Çekirdeksiz kuru üzüm, Ege Bölgesi’nde 50 bin üretici aileye istihdam imkânı sağlıyor. Ayrıca sofralık üzüm, kuru üzüm, salamura yaprak, sirke, pekmez, şarap ve alkol tesislerinde çalışan işçilerin de geçimini temin ediyor.”

‘Çekirdeksiz üzüm üretim alanlarının yüzde 75’i Manisa’da’

1985 yılında 570 bin dekar olan çekirdeksiz üzüm üretim alanı 2015 yılı itibariyle 1 milyon dekarı aşmıştır. Üretim alanlarının 740 bin dekarı Manisa’da, geriye kalan alanlar ise Denizli (197 bin dekar) ve İzmir (67 bin dekar) illerinde bulunmaktadır.

‘Çekirdeksiz Üzüm Üretiminde örgütlülük eksikliği olumsuz etkiliyor’

Üretilen çekirdeksiz Sultaniye üzümünün yaklaşık 250 bin tonu sofralık olarak ihracata gitmektedir. Ancak yaş üzümde pazarı kalite ve standardizasyon istekleri yeterince karşılanamadığı için, üretici sultaniye üzümü daha çok kurutarak değerlendirme yolunu seçmektedir.

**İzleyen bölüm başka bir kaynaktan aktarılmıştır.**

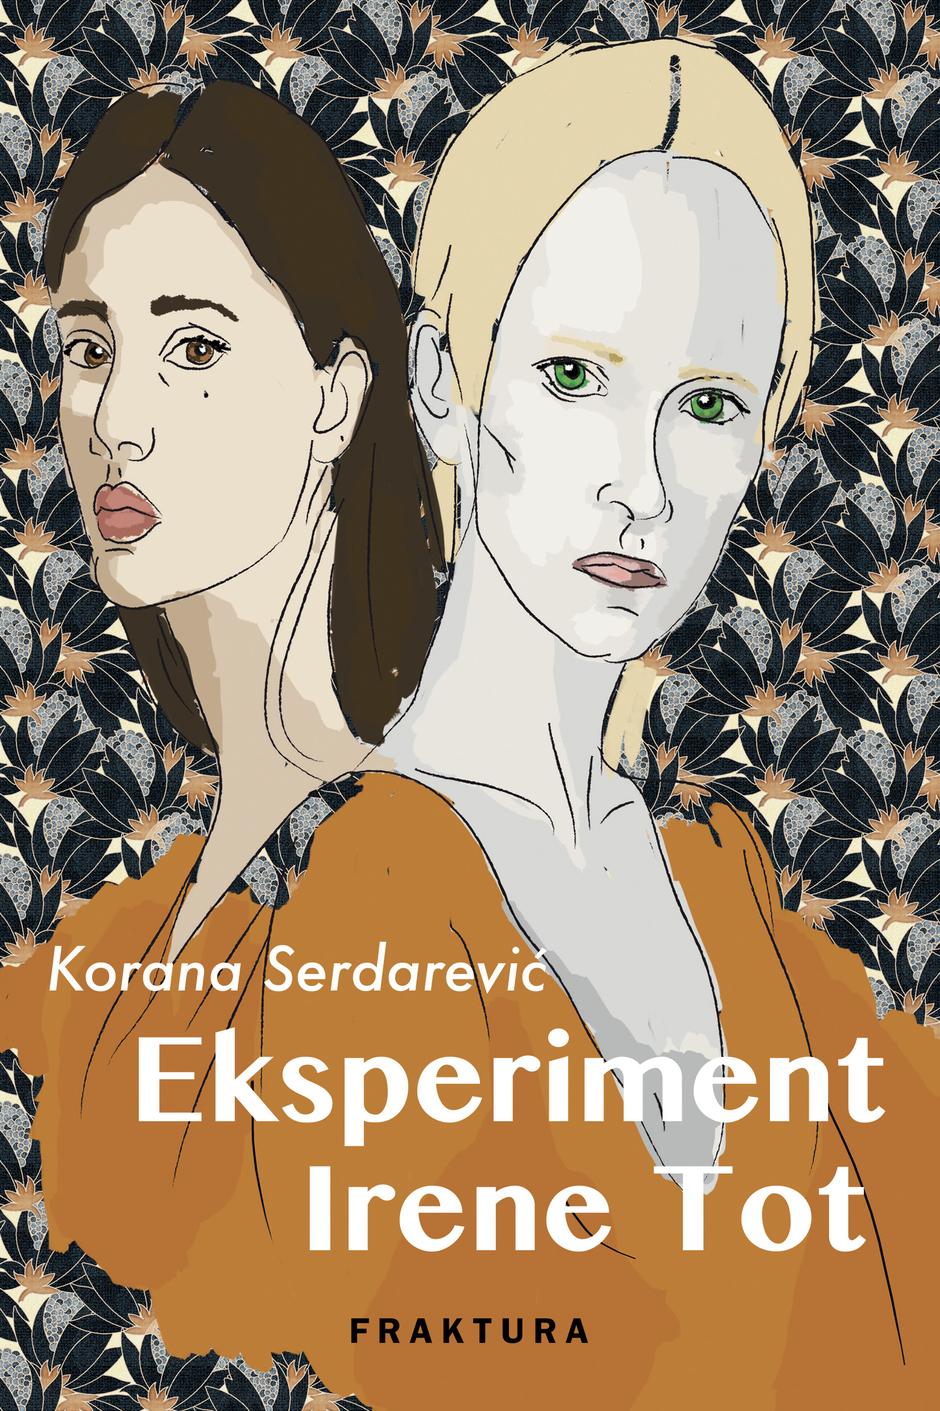 Korana Serdarević | Author: Fraktura

Ayrıca sofralık üzümde, kuru üzümde olduğu gibi örgütlenmenin yokluğu; fiyat oluşumu, satışta ödeme güvencesi bulunmaması gibi olumsuzluklar önemli bir sorun oluşturmaktadır.
Türkiye’de kuru üzüm üretimi iklimsel olumsuzluklar nedeniyle değişkenlik göstermekle birlikte 250-300 bin ton aralığındadır. 2016 yılı için rekolte tahmini İzmir Ticaret Borsası tarafından 313 bin ton olarak açıklanmıştır.

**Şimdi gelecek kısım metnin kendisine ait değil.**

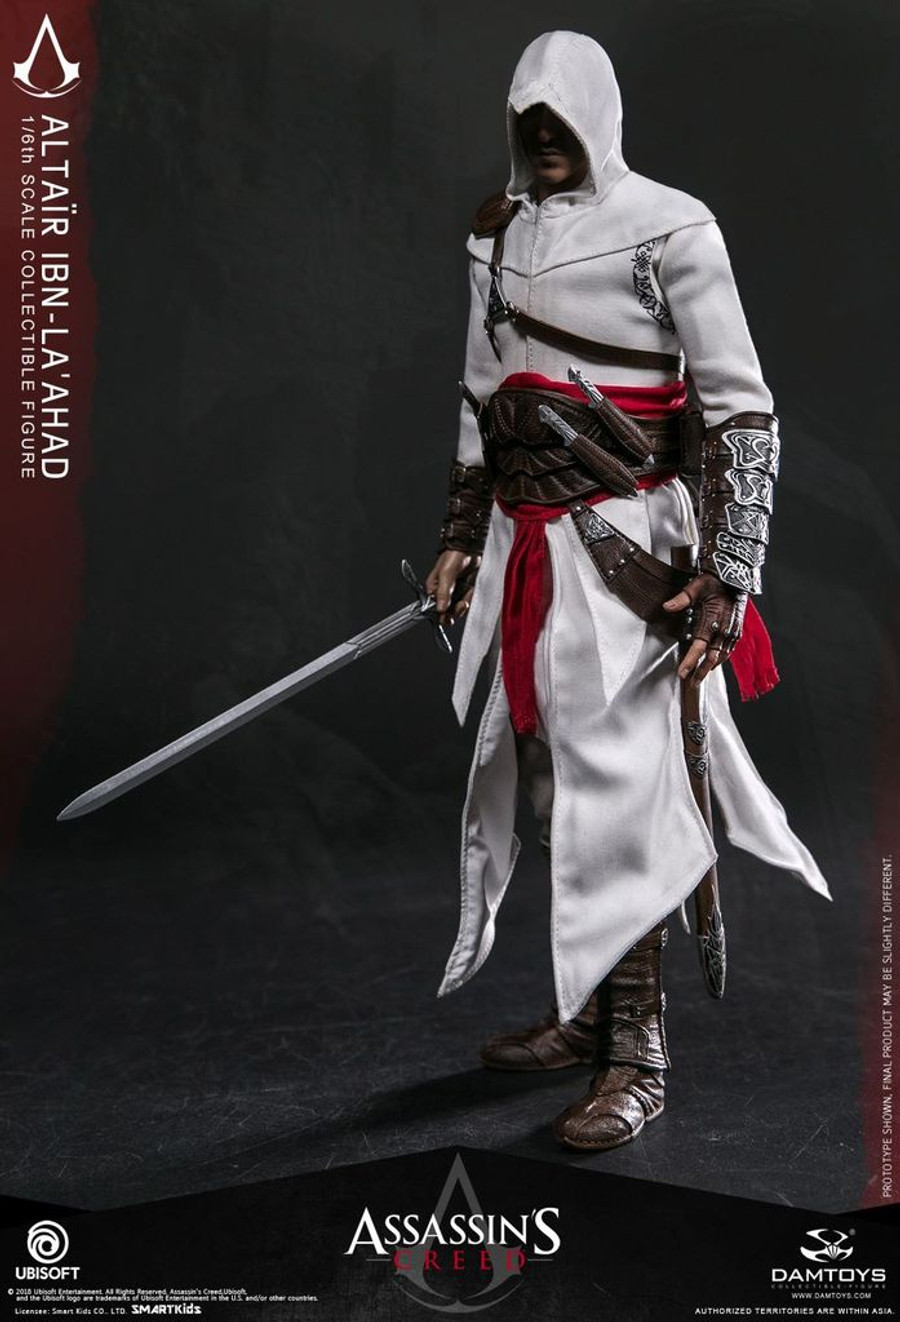 DAM Toys - Assassin's Creed: Altaïr the Mentor

‘Sultaniye üzümün kaderi ihracata bağlı’

Türkiye çekirdeksiz kuru üzüm üreticisi ülkeler içerisinde üretim ve ihracatta birinci sırada yer almaktadır. Üretilen çekirdeksiz kuru üzümün yaklaşık yüzde 80’i ihraç edilmektedir. Türkiye, dünyadaki toplam çekirdeksiz kuru üzüm ihracatının yüzde 40-45’ini gerçekleştirmekte; ihracatın yüzde 80’den fazlası Avrupa ülkelerine yapılmaktadır.

‘Örgütlenme yetersiz’

Örgütlenmedeki yetersizliklerden dolayı üreticiler aracılara mahkûm olmakta ve ürün fiyatları düşmektedir. TARİŞ sadece rekoltenin çok düşük olduğu yıllarda fiyat açıklamaktadır. Geçen yıl açıklanan 6 TL/kg fiyat yalnızca kısa süreliğine az miktarda ürün için geçerli olmuş, daha sonra fiyatlar 3 TL/kg’ye düşmüştür.

İzmir Ticaret Borsası’nın rekolteyi yüksek belirlemesi ve TARİŞ Üzüm Birliği’nin henüz fiyat açıklamaması nedeniyle üzüm üreticinin elinden yok pahasına çıkmaktadır. Başlangıçta fiyatı 1,5 TL/kg olan yaş üzümün fiyatı 80 kuruşa kadar düşmüştür.”

Orhan Sarıbal ; Çözüm önerilerini şu şekilde sıraladı.

Üzümde sorunların çözümü için neler yapılmalı?

* TARİŞ Üzüm Birliği kuru üzüm taban fiyatını hemen açıklamalıdır.
* Sofralık üzüm desteği açıklanmalı; destek tüccara değil, üreticiye verilmelidir.
* Fiyat oluşumunun olumsuz etkilenmemesi için üreticiler emanete üzüm vermemelidir.
* Rekolte Ticaret Borsası değil, Bakanlık tarafından açıklanmalıdır.
* Rekoltenin yüksek olduğu dönemlerde fiyat düşüşlerinin önüne geçilmesi amacıyla, gereken miktarda ürünün piyasadan çekilip depolanması için bir stok kurumu oluşturulmalıdır.